Ein Buchkapitel widmen Sie auch dem Lernen: Wie lernt man, richtig zu lernen?

Das Naturgesetz des Lernens ist: Lernen findet über Beziehung statt oder es findet nicht statt. Das hört sich zwar selbstverständlich an, aber in der schulischen Realität ist das oft nicht der Fall. Lehrer/innen werden noch immer viel zu sehr in Richtung Fachwissen und Fachdidaktik ausgebildet. Alle großen Studien sagen, das Entscheidende für den Lernerfolg der Klasse ist die wertschätzende Beziehung zwischen Schüler/innen und Lehrer/in. Erst wenn diese Beziehung aufgebaut ist, funktioniert das Lernen.

Was die neue Generation aber dramatisch verändert: die Fähigkeit, sich Wissen selbst anzueignen. YouTube ist die größte Lernplattform der Welt und wird von den Jungen intensivst genutzt. Sie lernen Mathematik damit, bringen sich das Klavierspielen oder Programmieren bei. Das ist eine riesige Herausforderung für das gesamte Schulsystem, auch für die Produktion von Unterrichtsmaterialien. Diese How-To-Videos sind extrem gut gemacht und zu jedem Thema finden sich Gruppen im Internet, die einander unterstützen.

„Unser Schulsystem und auch die Berufswelt unterschätzen die heutigen Möglichkeiten, sich Dinge selbst beizubringen.“

Notwendig dafür sind eine Grundmotivation und die drei natürlichen Prinzipien des Lernens, die in Zukunft noch bedeutender sein werden: Trial and Error, also ausprobieren und Fehler machen; gemeinsam voneinander lernen; und Sinn – denn nur, wenn ich verstehe, warum ich etwas lernen soll, bin ich bereit, diese Anstrengung auf mich zu nehmen.

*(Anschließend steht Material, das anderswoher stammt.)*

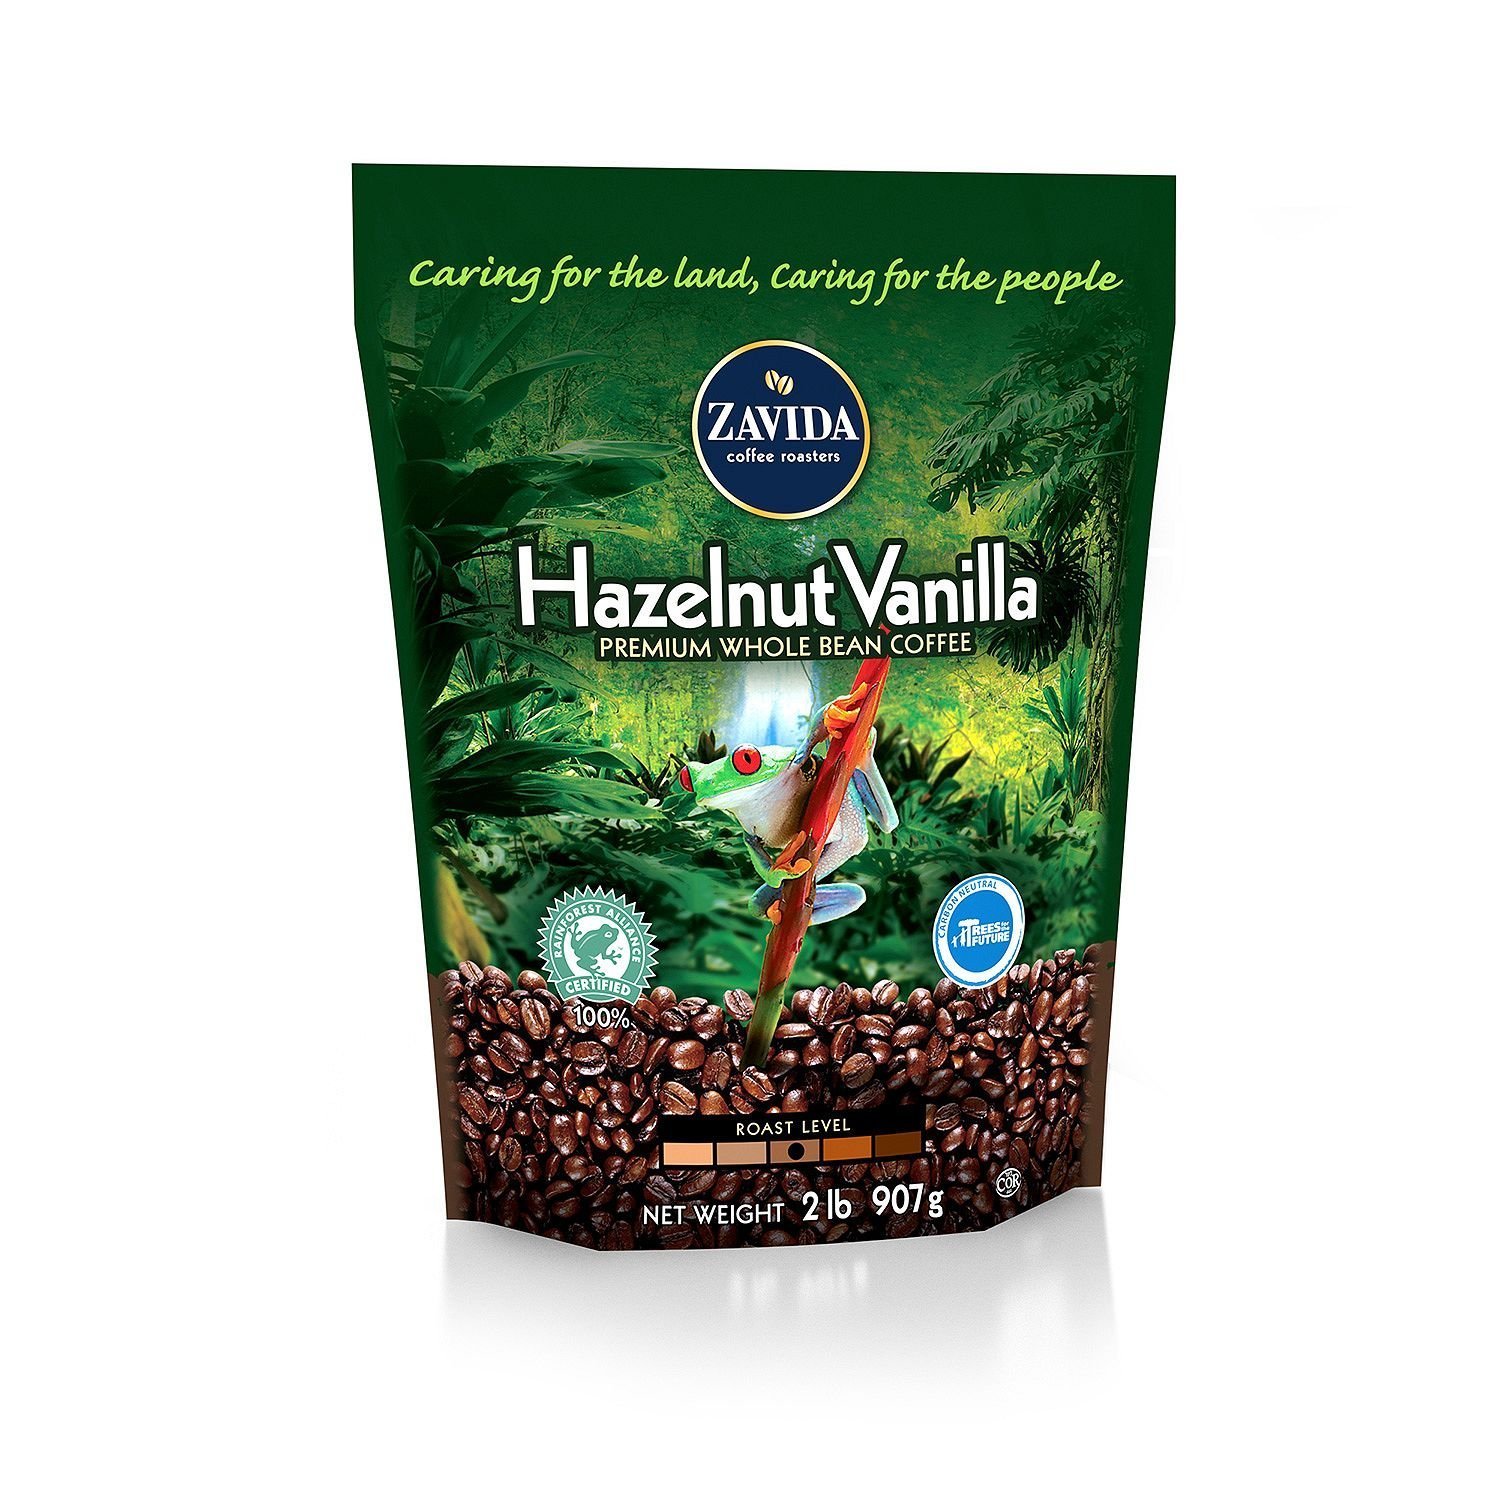 ■訳あり■2,250円引き Zavida Coffee社 Hazelnut Vanilla Whole Bean ザビダコーヒーヘーゼルナッツバニラコーヒー豆907g1袋

Welche drei Dinge würden sie Ihrem Kind auf dem Weg in eine technologisch bestimmte Zukunft mitgeben?

Ich habe diese Frage einmal dem Glücksforscher Mihály Csíkszentmihályi gestellt. Der Erfinder des Flow-Konzepts hat darauf geantwortet: Das Beherrschen der Kulturtechniken des Lesens, Schreibens, Rechnens und Allgemeinwissens werden immer wichtig bleiben. Doch was Kinder ebenso brauchen: Erstens müssen sie lernen, Verantwortung für ihr Handeln zu übernehmen – im Umgang mit den Eltern, ihren Lehrenden und Klassenkameraden.

Zweitens benötigen sie soziale Fähigkeiten: Sie sollten ihre Gefühle regulieren lernen, um nicht sofort auszurasten. Sie sollen Mitgefühl für andere entwickeln, um die Situation des anderen verstehen zu können. Und sie sollen Resilienz aufbauen, um Niederlagen und Enttäuschungen verarbeiten zu können.

Drittens: Junge Menschen müssen wissen, dass wir nicht alleine auf der Welt sind. Bei bald 9 Milliarden Menschen können wir nur gemeinsam überleben. Zusammengefasst: Sie übernehmen Verantwortung für sich, ihr soziales Umfeld und letztendlich für die Welt.